In molti pittori del Cinquecento e Seicento, tra cui Caravaggio e Rembrandt, vi è stata una prevalenza dell’uso del contrasto tra chiaro e scuro, rispetto al contrasto di solo colore. Bisogna arrivare all’impressionismo per ritrovare un ruolo prevalente del colore e del contrasto cromatico. Si veda, per es., il dipinto Londres, le Parlement. Trouée de soleil dans le brouillard (1904, conservato al Musée d’Orsay di Parigi) di Monet, dove prevale largamente il contrasto cromatico. E già Paul Cézanne, come ha scritto Matisse, aveva creato volumi solo di colore. Poi, con Matisse stesso e con i Fauves, si arrivò agli inizi del Novecento a un’esaltazione dei colori puri e alla definizione delle forme soltanto mediante questi.

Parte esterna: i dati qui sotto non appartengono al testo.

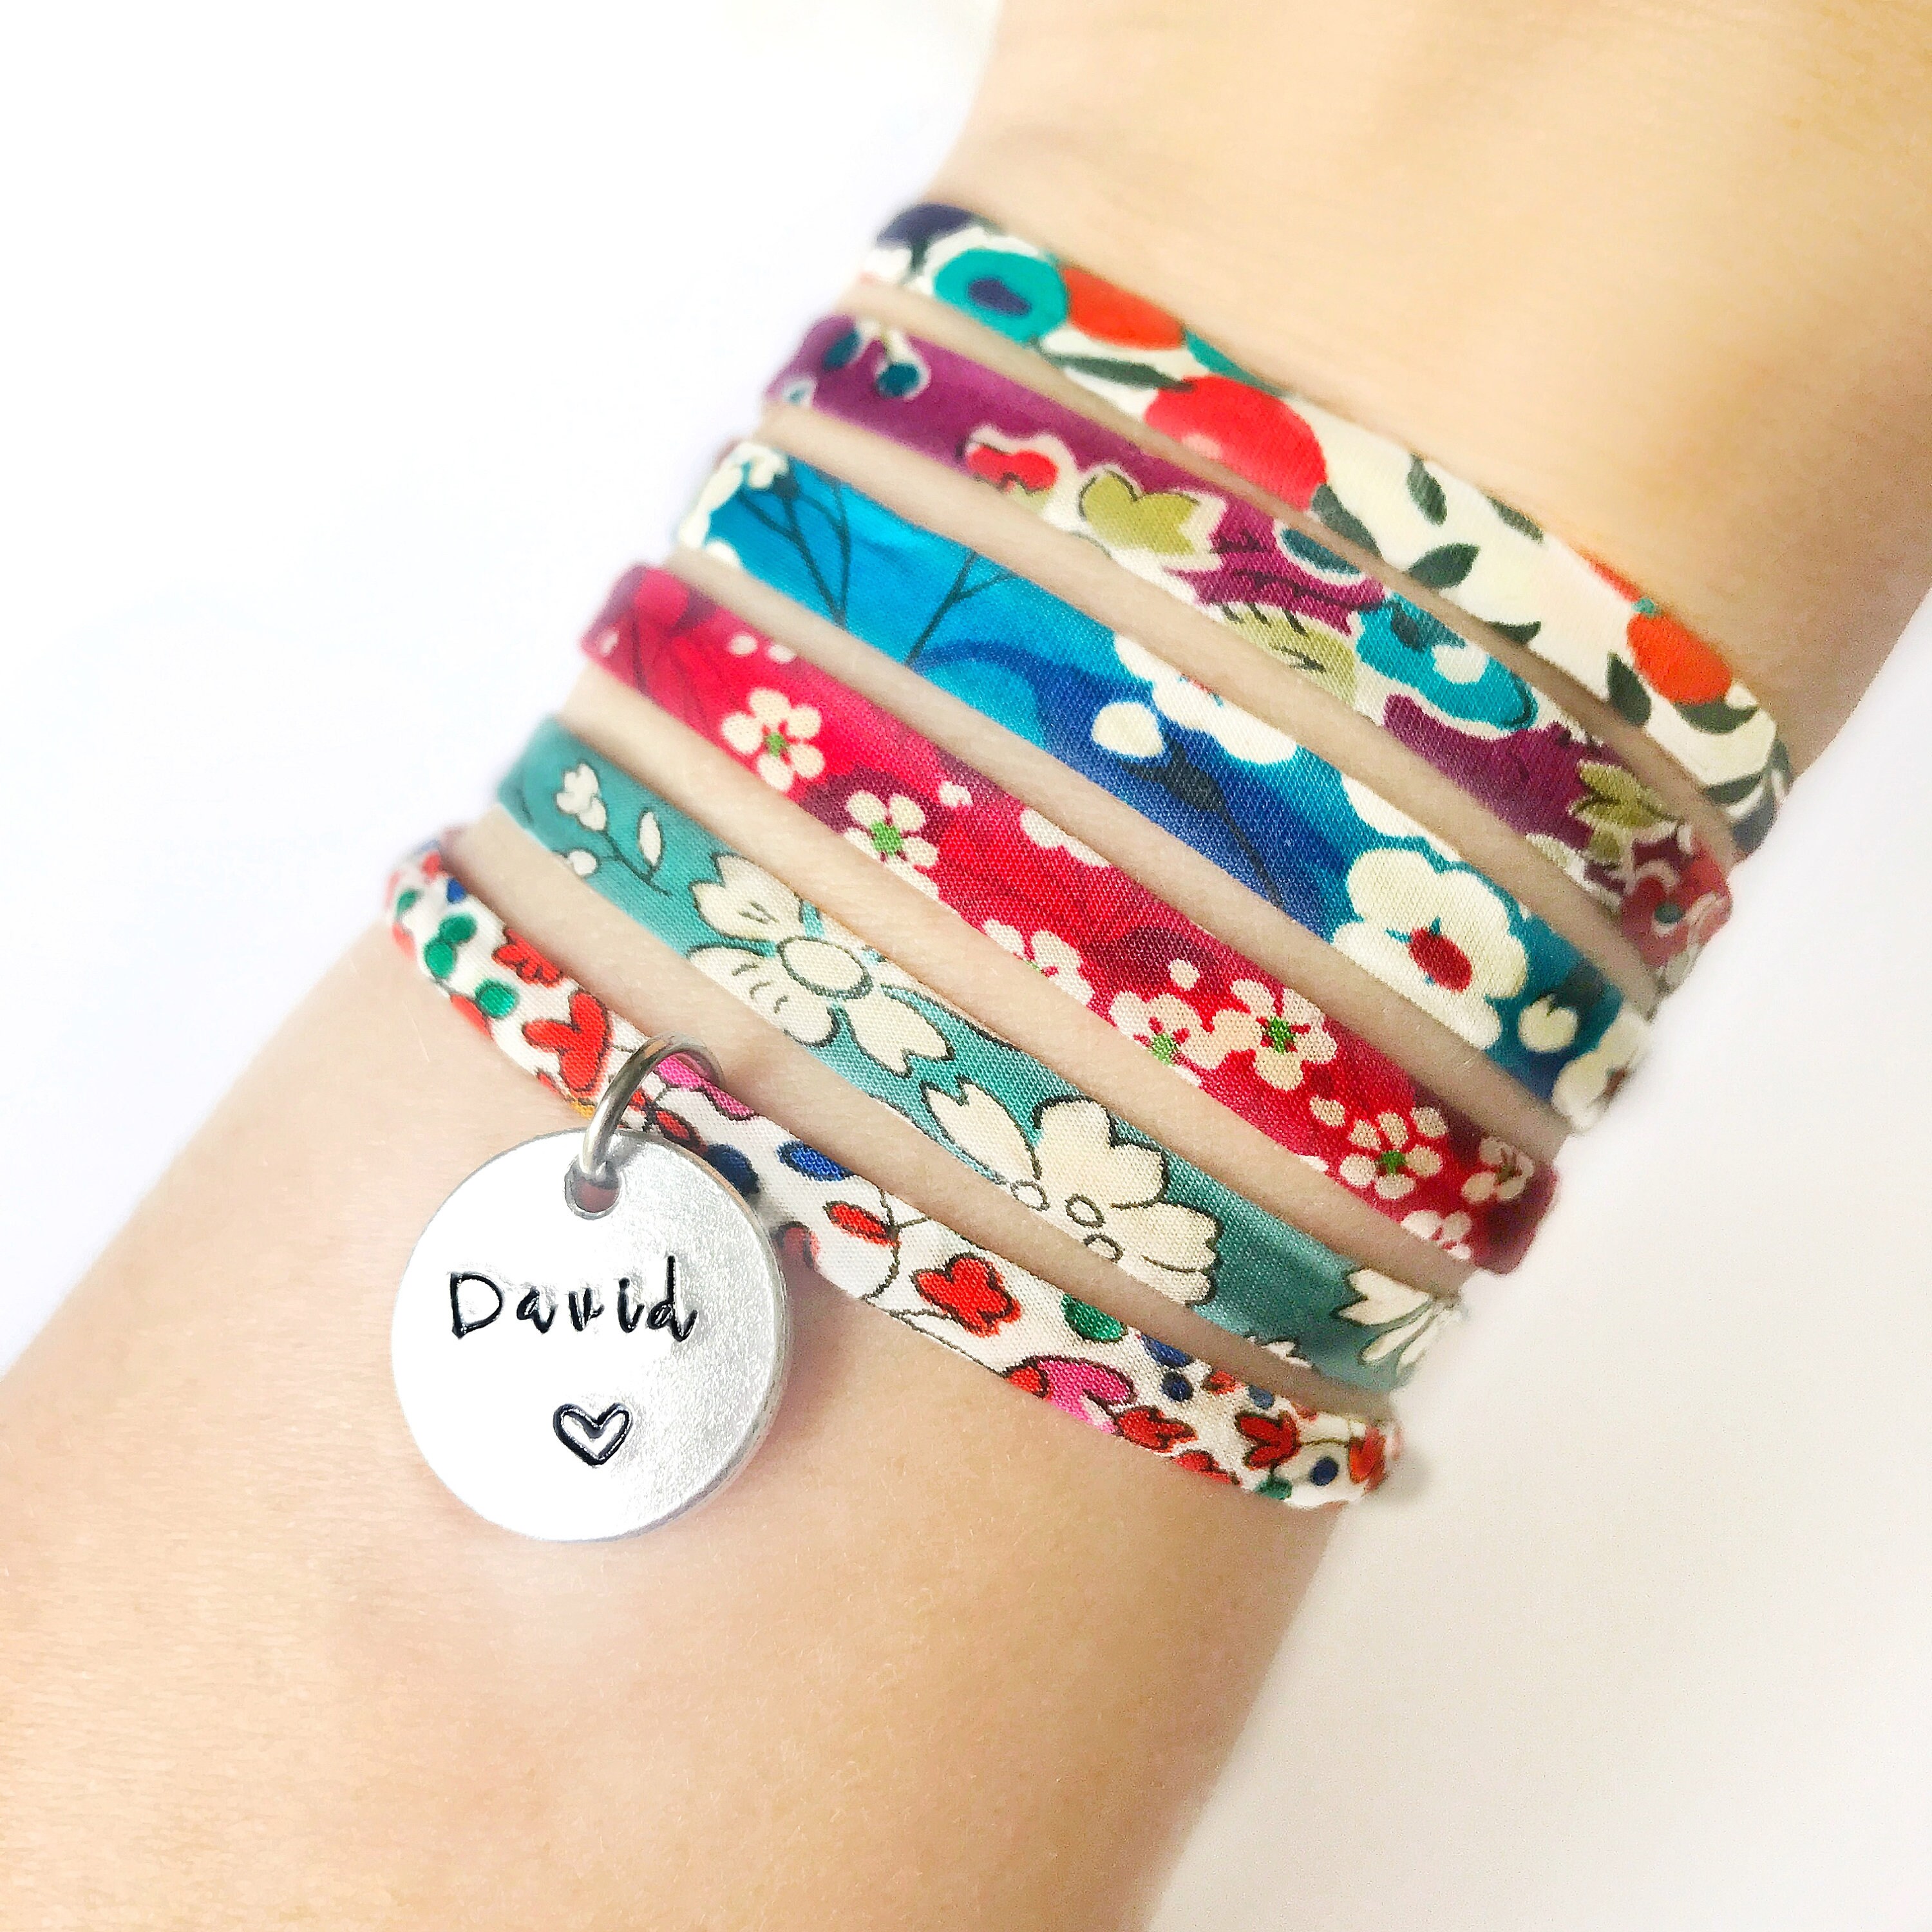 Buy Liberty print bracelet personalised initial

Il colore diventa un messaggio di per sé, così che eliminarlo dai quadri dei pittori di questo movimento significa impoverirne sostanzialmente il messaggio nonché la ricchezza estetica. Matisse dipinse la prima versione della sua Danse (1909, ora conservato a New York nel Museum of Modern Art) con tre soli colori, e la descrive così: «Per il cielo un bel blu, il più blu dei blu […], e lo stesso vale per il verde della terra, per il vermiglione vibrante dei corpi» (cit. in G.C. Argan, L’arte moderna 1770/1970, 1970, p. 314).
Successivamente, con l’avvento della pittura astratta, scomparve la rappresentazione della forma come tale, e il contenuto del quadro poté essere rappresentato dal solo colore. Così è in Vasilij V. Kandinskij e in altri pittori più recenti, per es. Mark Rothko. Per quest’ultimo il colore assume un significato simbolico e i suoi quadri possono essere fatti di solo colore; Kandinskij, in Über das Geistige in der Kunst (1912; trad. it. 1940), sottolinea gli aspetti psicologici del colore. Tuttavia, il motivo perché il messaggio dato dal colore sia psicologicamente così importante è per ora impossibile spiegarlo dal punto di vista delle scienze della visione. Ha scritto Matisse: «Il colore contribuisce a esprimere la luce, non in quanto fenomeno fisico, ma la sola luce che effettivamente esiste, quella del cervello dell’artista» (Écrits et propos sur l’art, 1972; trad. it. 2003, p. 156).